In confirming the relationship to Retail Dive, Venmo spokespeople added, "We are experiencing strong interest from merchants who want access to Venmo’s highly engaged user base. We’re seeing in some instances that the appeal of Venmo has prompted some of the largest and most influential U.S. merchants to expand existing — or begin new — processing relationships with PayPal. We are very excited about the potential here and think it represents a meaningful opportunity for us over the longer-term."
At the same time, Venmo has reportedly been mulling the introduction of a physical debit card to expand its presence in brick-and-mortar point-of-sale. The upstart payments brand appears to be making its long-awaited move beyond P2P payments.
As for PayPal, the company can most likely do just fine on its own, but hitching its wagon to Venmo is starting to sound like a pretty good idea as the payments company looks to expand as far and wide as it can in a crowded payments space. Venmo processed more than $17 billion in P2P payments last year, and 68% of people in their 20s and 30s who use payment apps use Venmo. It represents a massive hive of active commerce that retailers could easily get a piece of if they allowed Venmo users to use the payment app they like best when they reach the mobile/online checkout page.
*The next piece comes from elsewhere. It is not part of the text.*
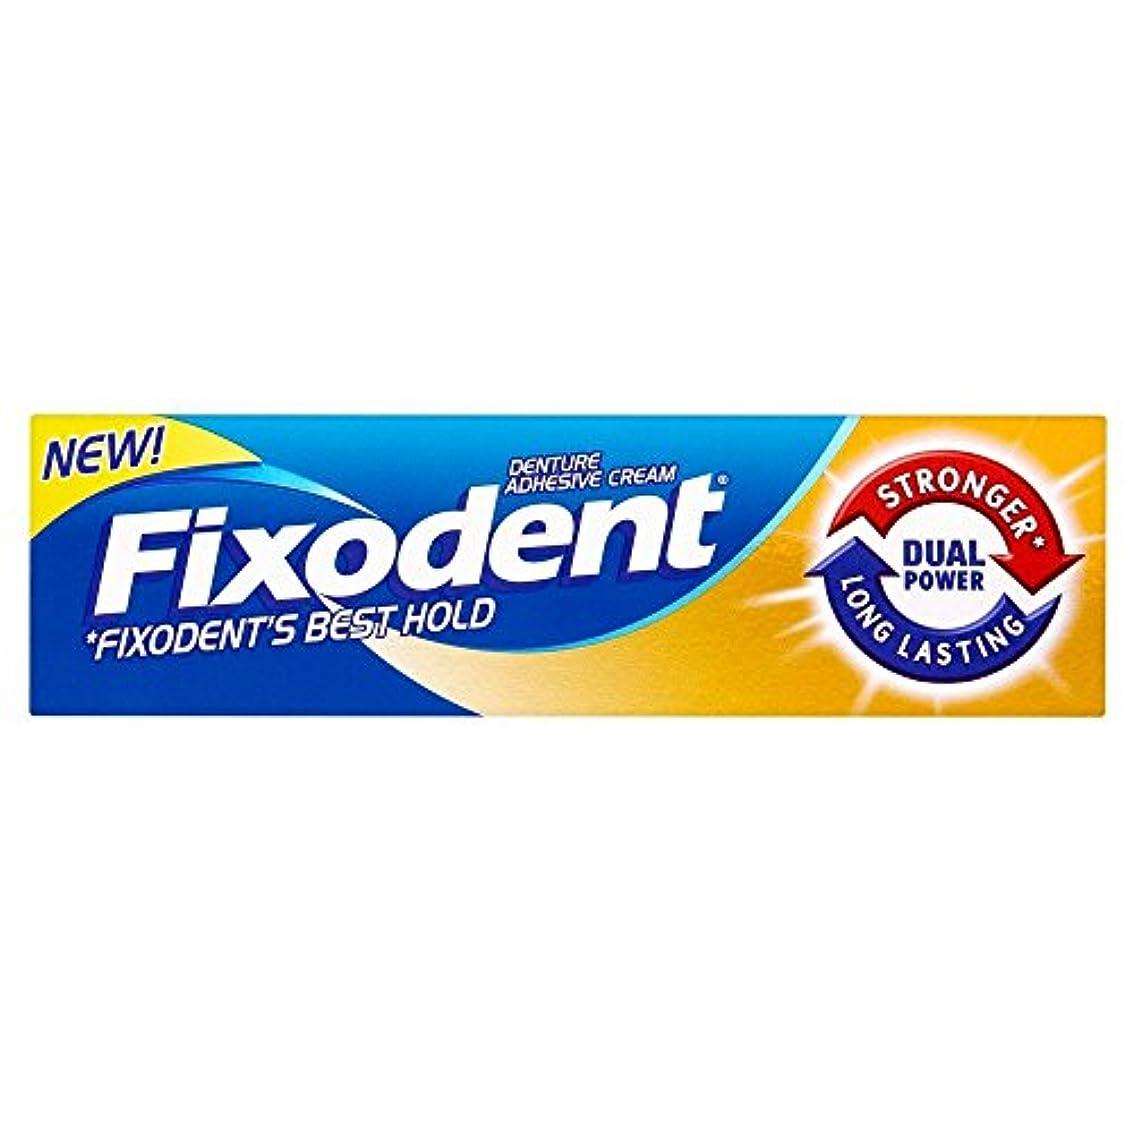 Fixodent Denture Adhesive Cream Dual Power (35ml) Fixodent義歯接着剤クリームデュアルパワー( 35ミリリットル) [並行輸入品]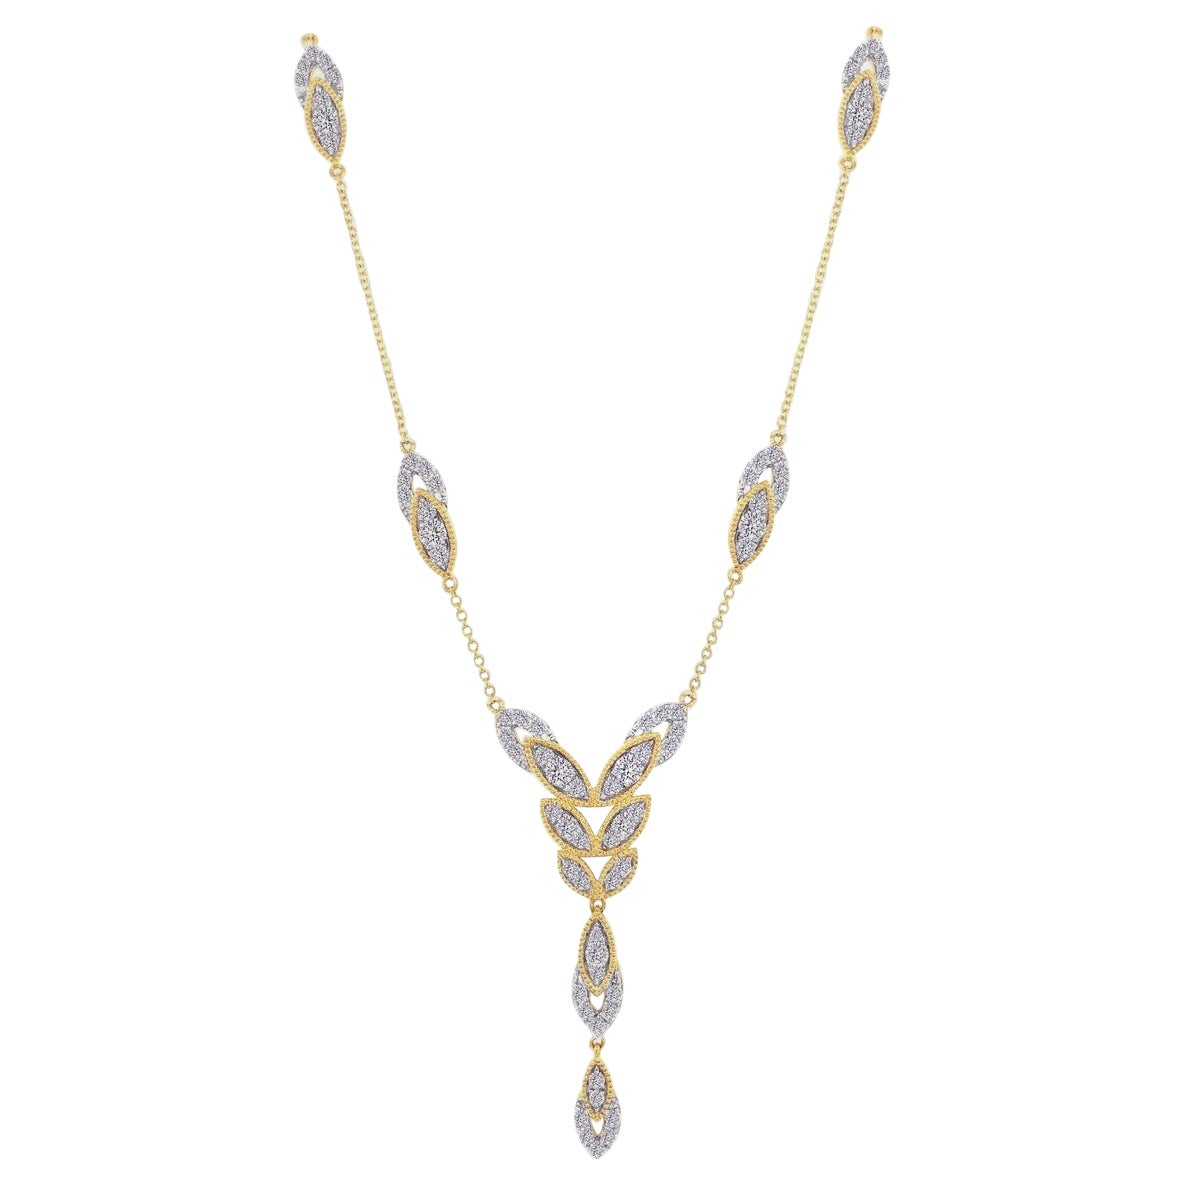 Diamond Bloom Long Necklace in 18 Karat Gold

At least that's the assumption — and maybe that's why Venmo seems to be moving somewhat quietly and modestly into the merchant marketplace. It might take some hard results before retailers are willing to believe that Venmo can bring them more traffic and more millennial purchases. Thus far, the Williams-Sonoma deal is one of very few that the company has acknowledged, but if this one shows positive results, we might start to hear a lot more about e-commerce merchants accepting Venmo in 2018.